Foto: Getty Images/M. Wilson
EUA e Talibã assinam acordo de paz
Em fevereiro de 2020, sob o regime Trump, os governos dos EUA e do Afeganistão anunciam a retirada completa das tropas americanas e de outros países da Otan. O pacto assinado pelo negociador especial dos EUA para a paz, Zalmay Khalilzad, e pelo líder político talibã mulá Abdul Ghani Baradar, prevê que o número de militares estrangeiros seria reduzido gradualmente, ao longo de 14 meses.
Foto: AFP/G. Cacace
Biden anuncia retirada total das tropas
Em 14 de abril de 2021, o presidente Joe Biden comunica à população americana que a guerra mais longa do país terá fim, com as tropas dos EUA e da Otan se retirando inteiramente do Afeganistão até 11 de setembro, 20º aniversário dos ataques terroristas em Nova York.
Foto: Andrew Harnik/AFP/Getty Images
EUA e Otan iniciam retirada
EUA e Otan iniciam formalmente, em 1º de maio de 2021, a retirada de todas as suas tropas do Afeganistão. A previsão era retirar até 11 de setembro entre 2.500 e 3.500 soldados americanos e cerca de outros 7 mil soldados da Otan. Estima-se que os EUA tenham gasto mais de 2 trilhões de dólares no país, em 20 anos, de acordo com o projeto Costs of War da Universidade Brown.
Foto: Michael Kappeler/dpa/picture alliance
Americanos entregam base ao governo afegão
Em 2 de julho de 2021, tropas dos EUA partem da base aérea de Bagram, ponto focal da guerra, e entregam o local ao governo afegão. Permanecem no país asiático alguns poucos soldados, numa pequena base na capital Cabul.
Foto: Rahmat Gul/AP/picture alliance
Talibã toma capitais regionais
Aproveitando o vácuo deixado pela retirada das tropas de paz internacionais do Afeganistão, guerrilheiros do Talibã tomam, no inicio de agosto de 2021, capitais regionais como Sheberghan, Kunduz e Zaranj, num duro golpe para o governo afegão, que lutava para defender as cidades mais importantes da ofensiva do grupo extremista.

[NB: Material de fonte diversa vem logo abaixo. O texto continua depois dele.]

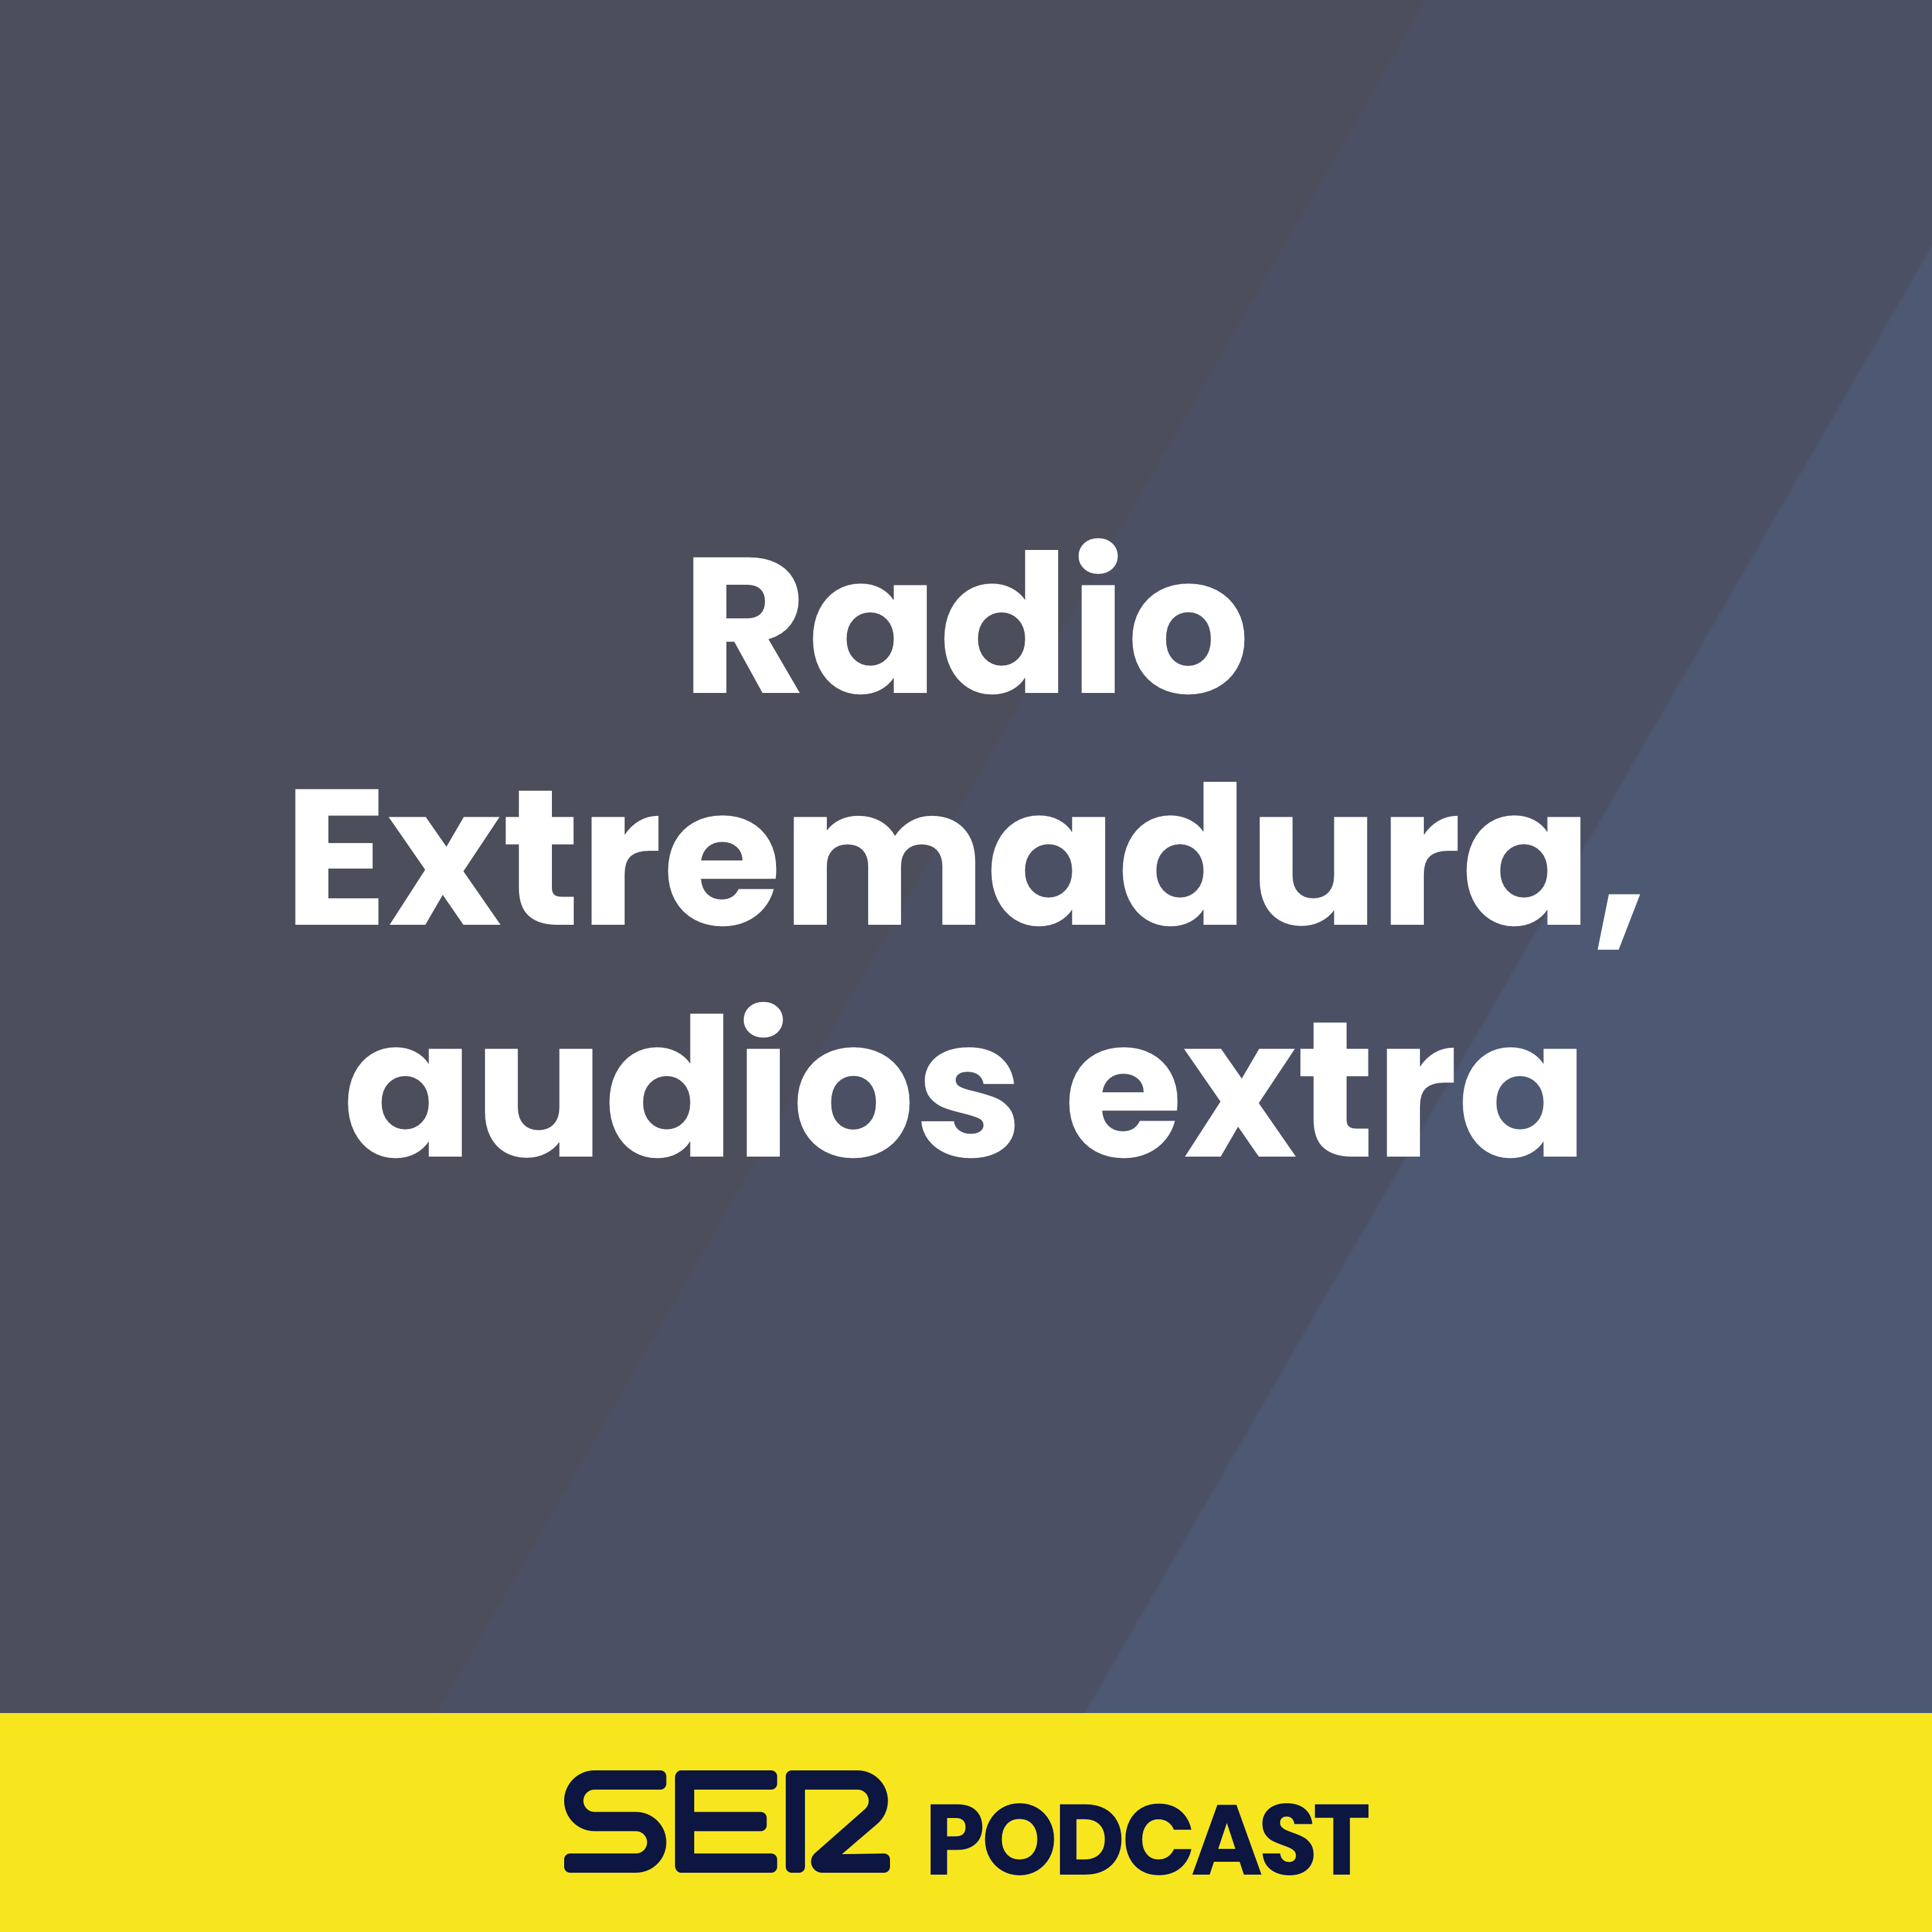 Radio Extremadura, audios extra

Foto: Abdullah Sahil/AP Photo/picture alliance
EUA retiram seus cidadãos do Afeganistão
Em meados de agosto, Estados Unidos e outros países começam a retirar seus cidadãos do Afeganistão, enquanto forças militares americanas se esforçam para proteger e manter funcionando o aeroporto de Cabul. Com todos os voos comerciais cancelados, milhares de afegãos invadem a pista do aeroporto desesperados, tentando embarcar em qualquer aeronave que fosse decolar.
Foto: Wakil Kohsar/AFP
Talibã ocupa palácio presidencial
O Talibã toma a capital Cabul, em 15 de agosto de 2021, dissolvendo o governo e estendendo seu controle sobre todo o Afeganistão. A capital era um dos últimos redutos ainda sob a autoridade do presidente Ashraf Ghani. Assim como ocorreu com dezenas de outras cidades, ele é tomada sem resistência efetiva das tropas governamentais. Ghani foge do país.
Foto: Zabi Karim/AP/picture alliance
Biden defende retirada das tropas
Um dia depois da tomada de Cabul, o presidente dos EUA, Joe Biden, defende a decisão de pôr fim à presença americana no Afeganistão e condena líderes e políticos afegãos que abandonaram o país, abrindo caminho para a tomada de poder pelo Talibã. Biden culpa ainda o ex-presidente Donald Trump, por ter fortalecido o grupo rebeldes e deixado os talibãs em sua melhor situação militar desde 2001.